## Work task
From the first line to the last, copy the material word for word; pictures stay out.

## Given material
# # # # # # #
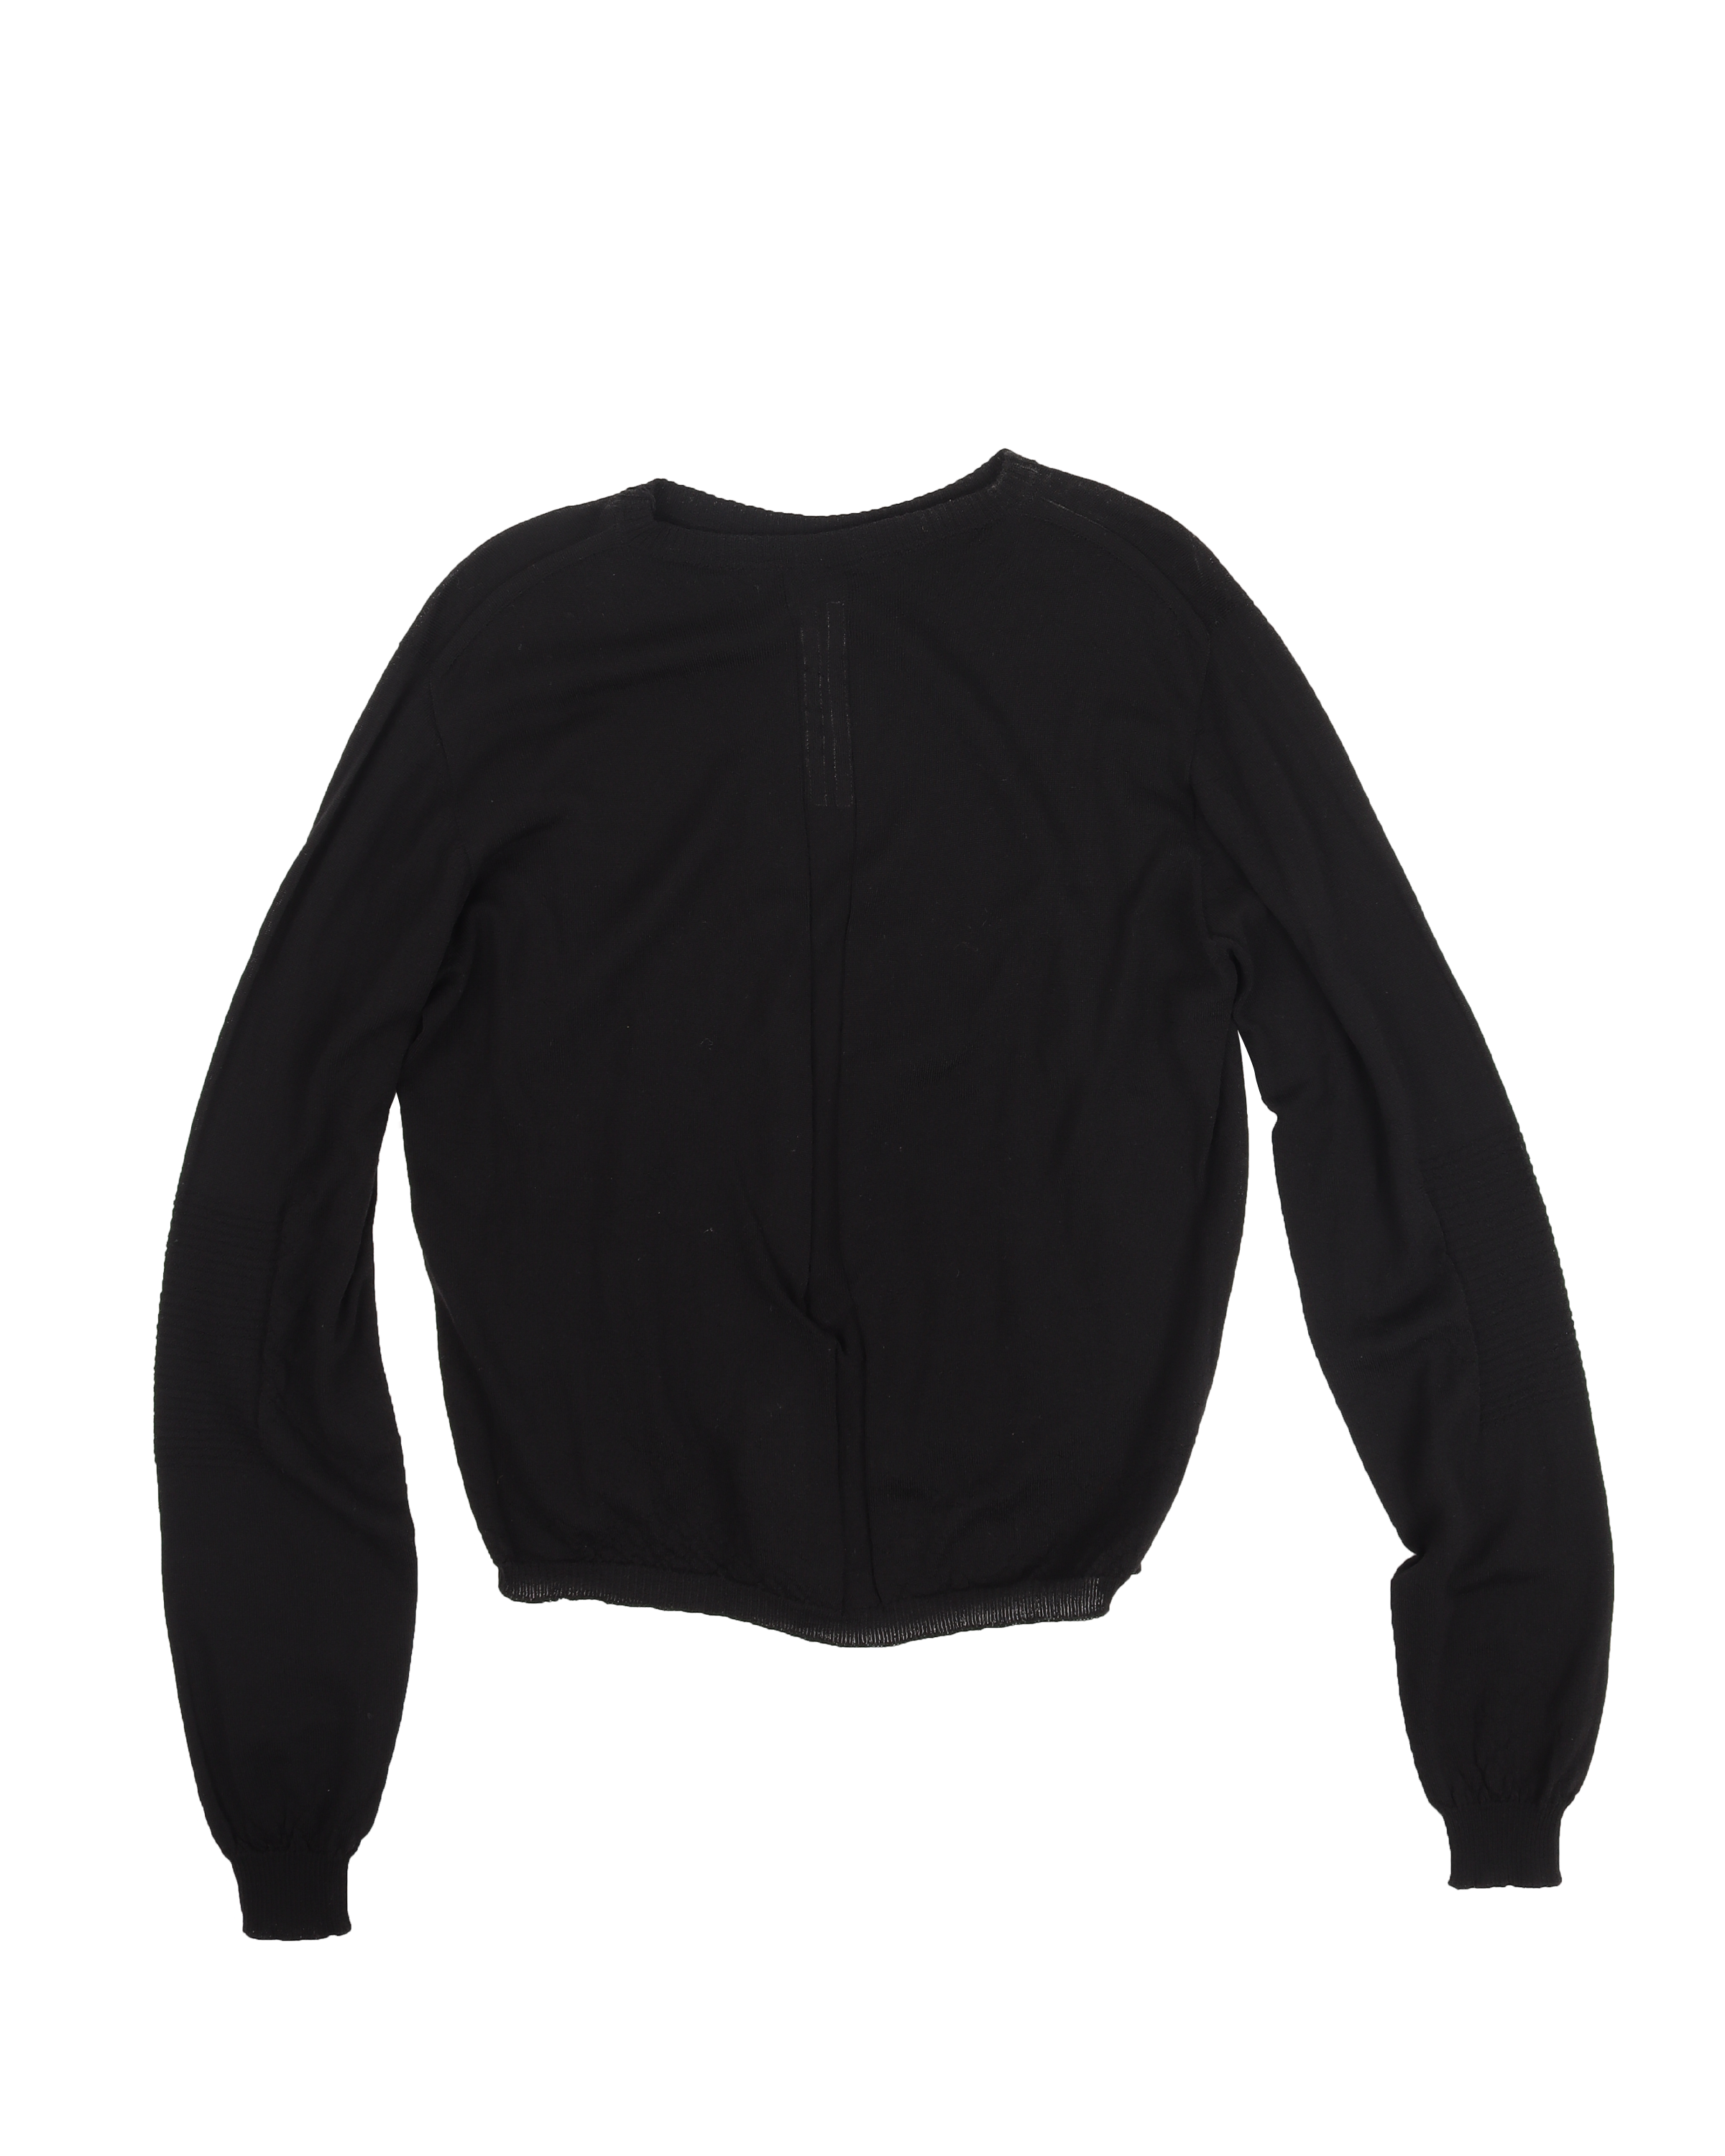 FW20 Oversized Cropped Biker Sweater (Black)
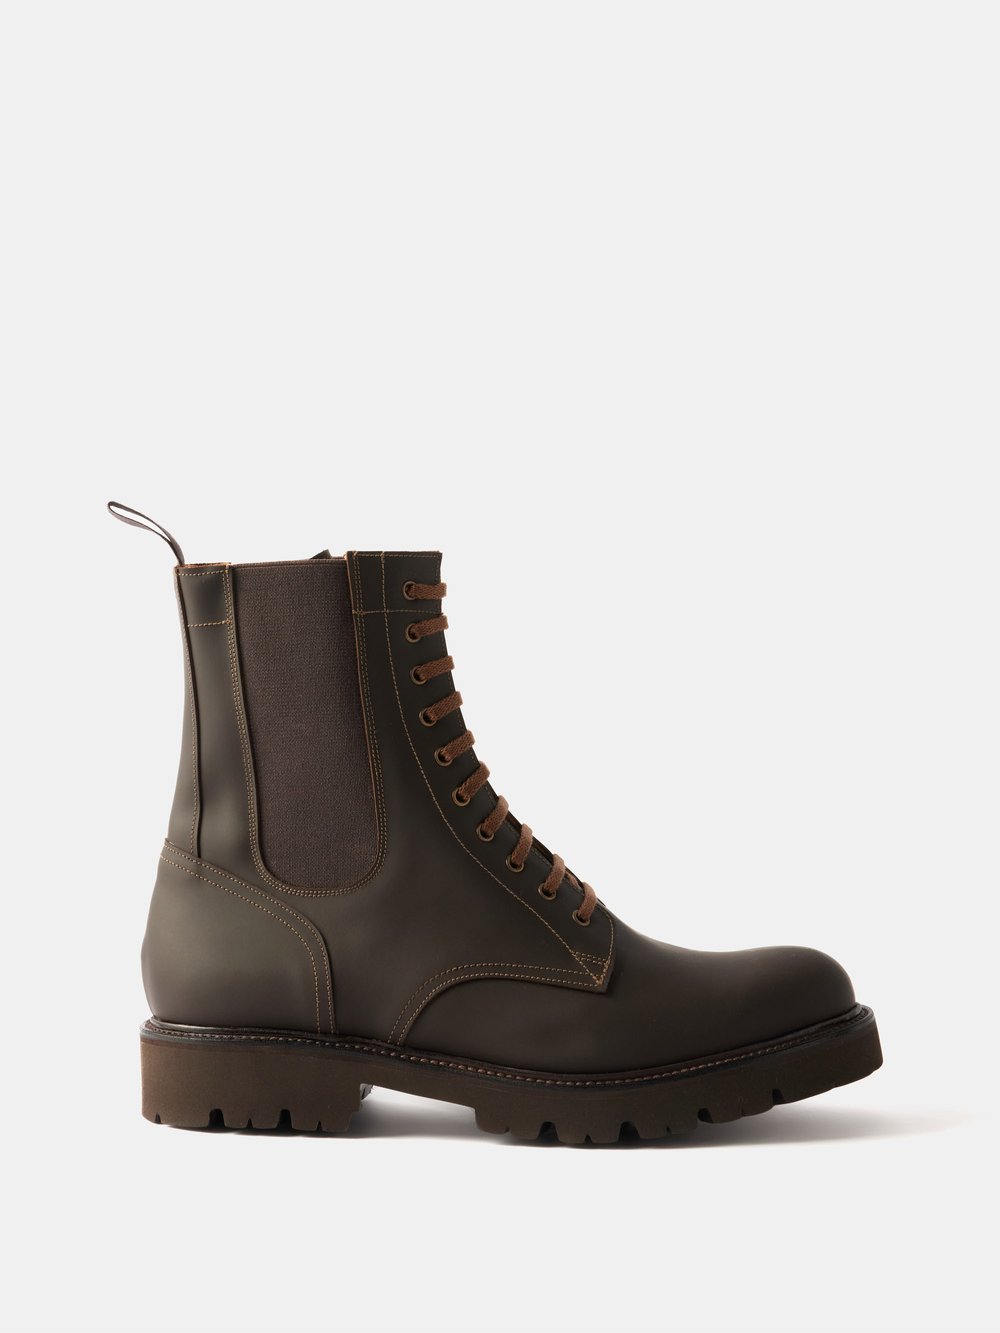 Кожаные ботинки buckley на рифленой подошве Grenson, коричневый кроссовки grenson zapatillas tan
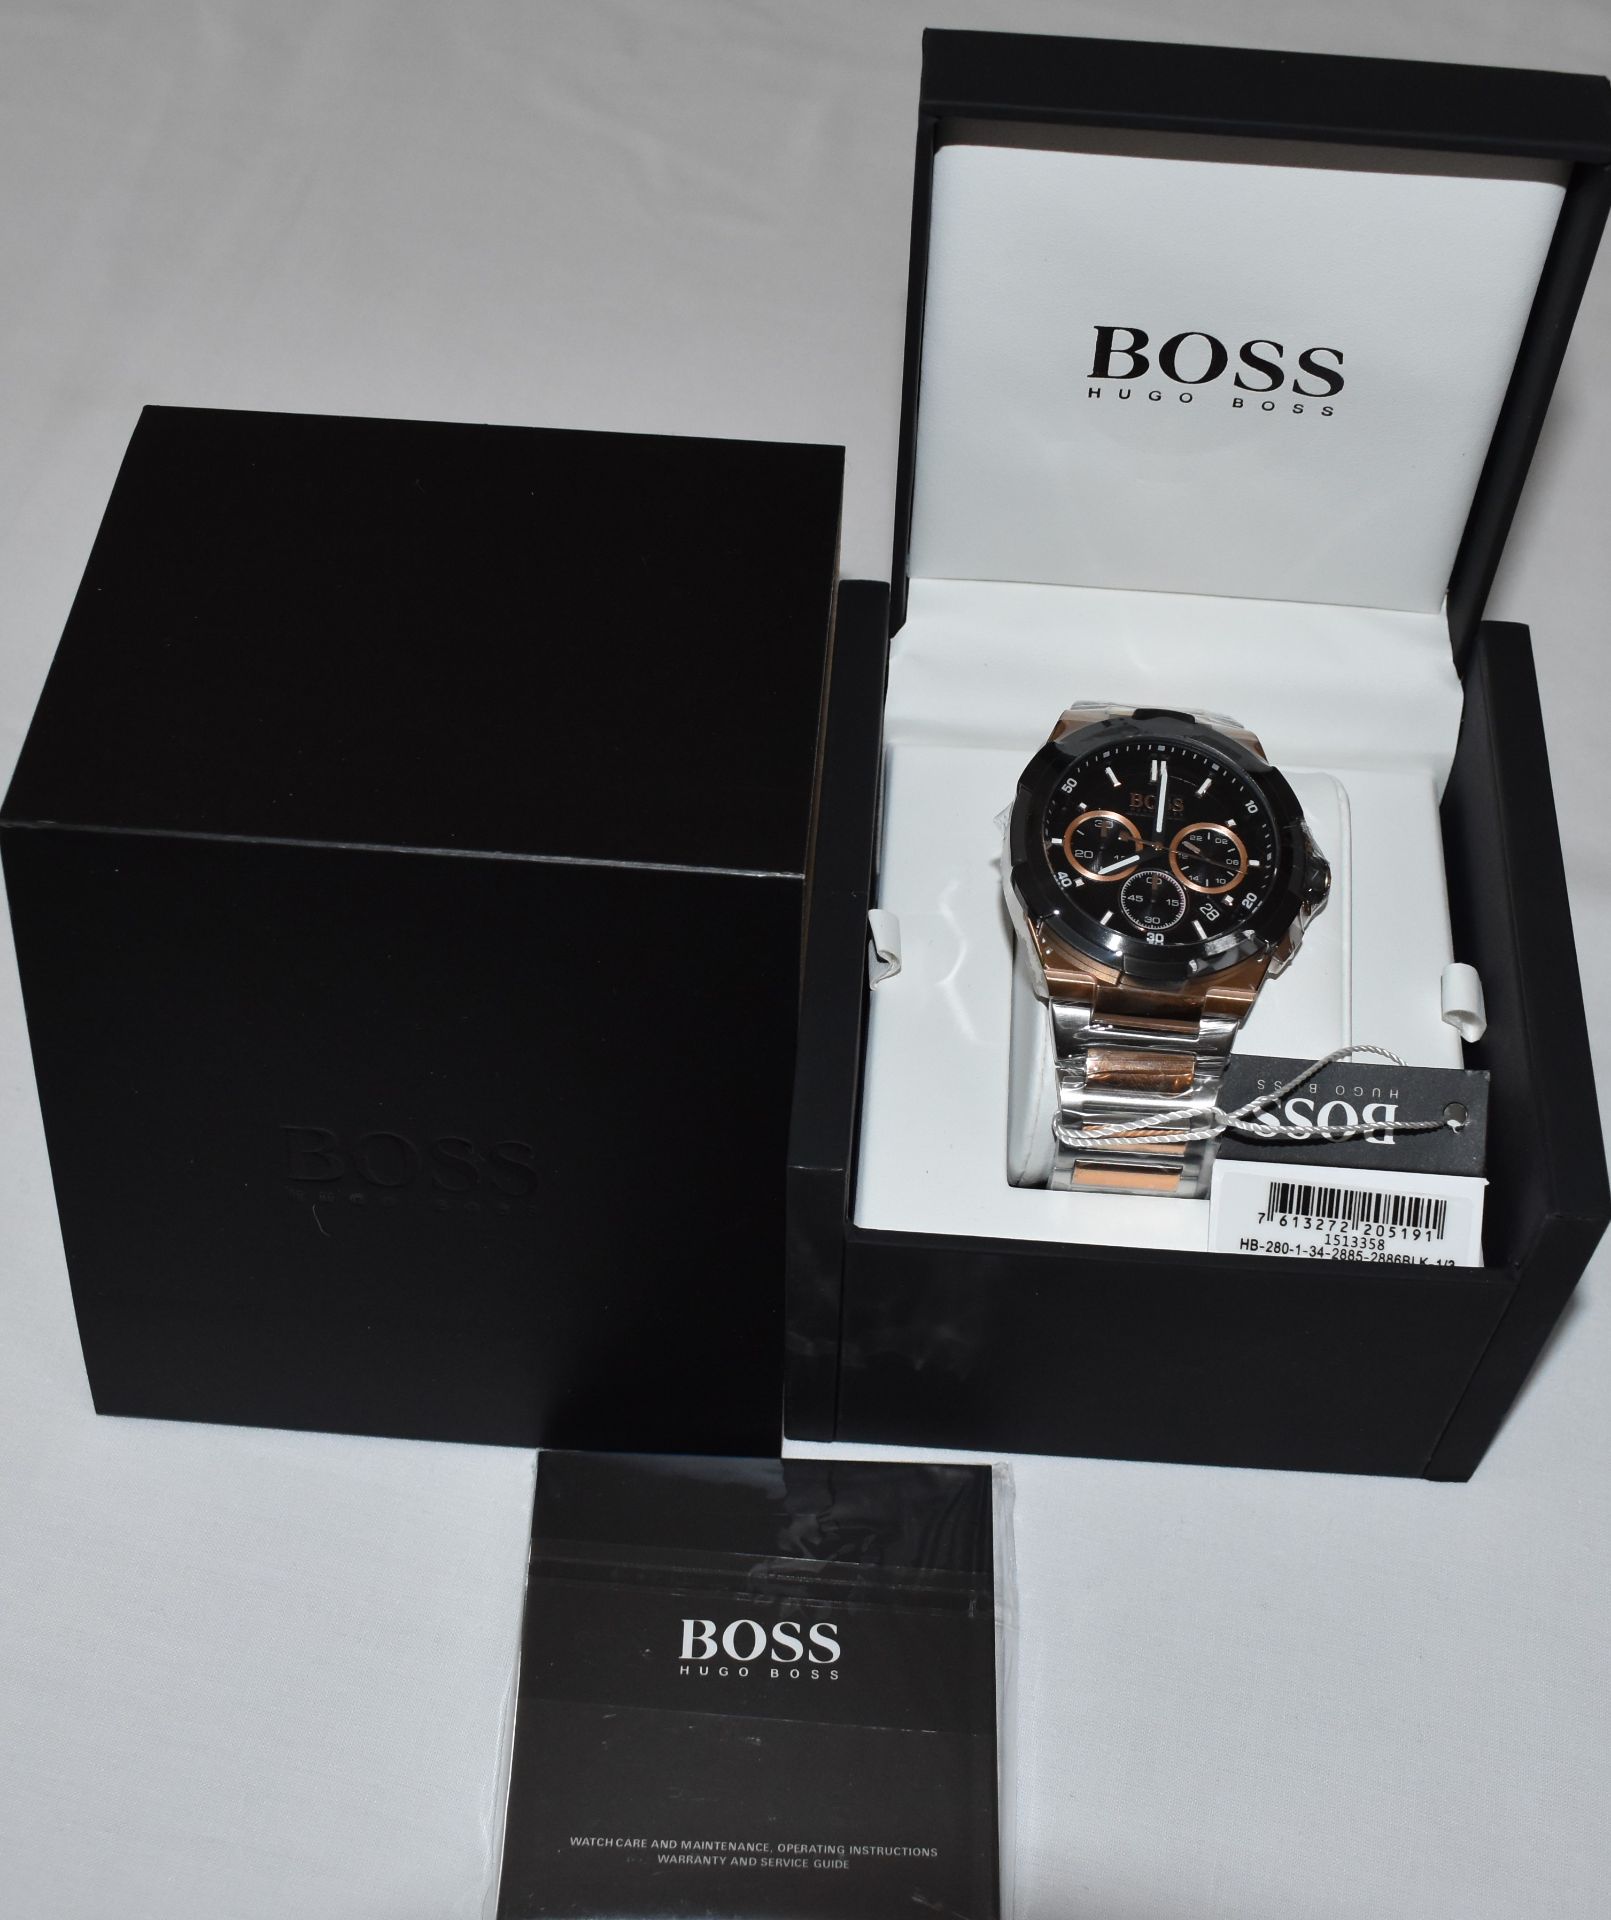 Hugo Boss Men's Watch 1513358 - Image 2 of 2
# # # # # # #
## The answer
 FW20 Oversized Cropped Biker Sweater (Black)
 Кожаные ботинки buckley на рифленой подошве Grenson, коричневый кроссовки grenson zapatillas tan
 Hugo Boss Men's Watch 1513358 - Image 2 of 2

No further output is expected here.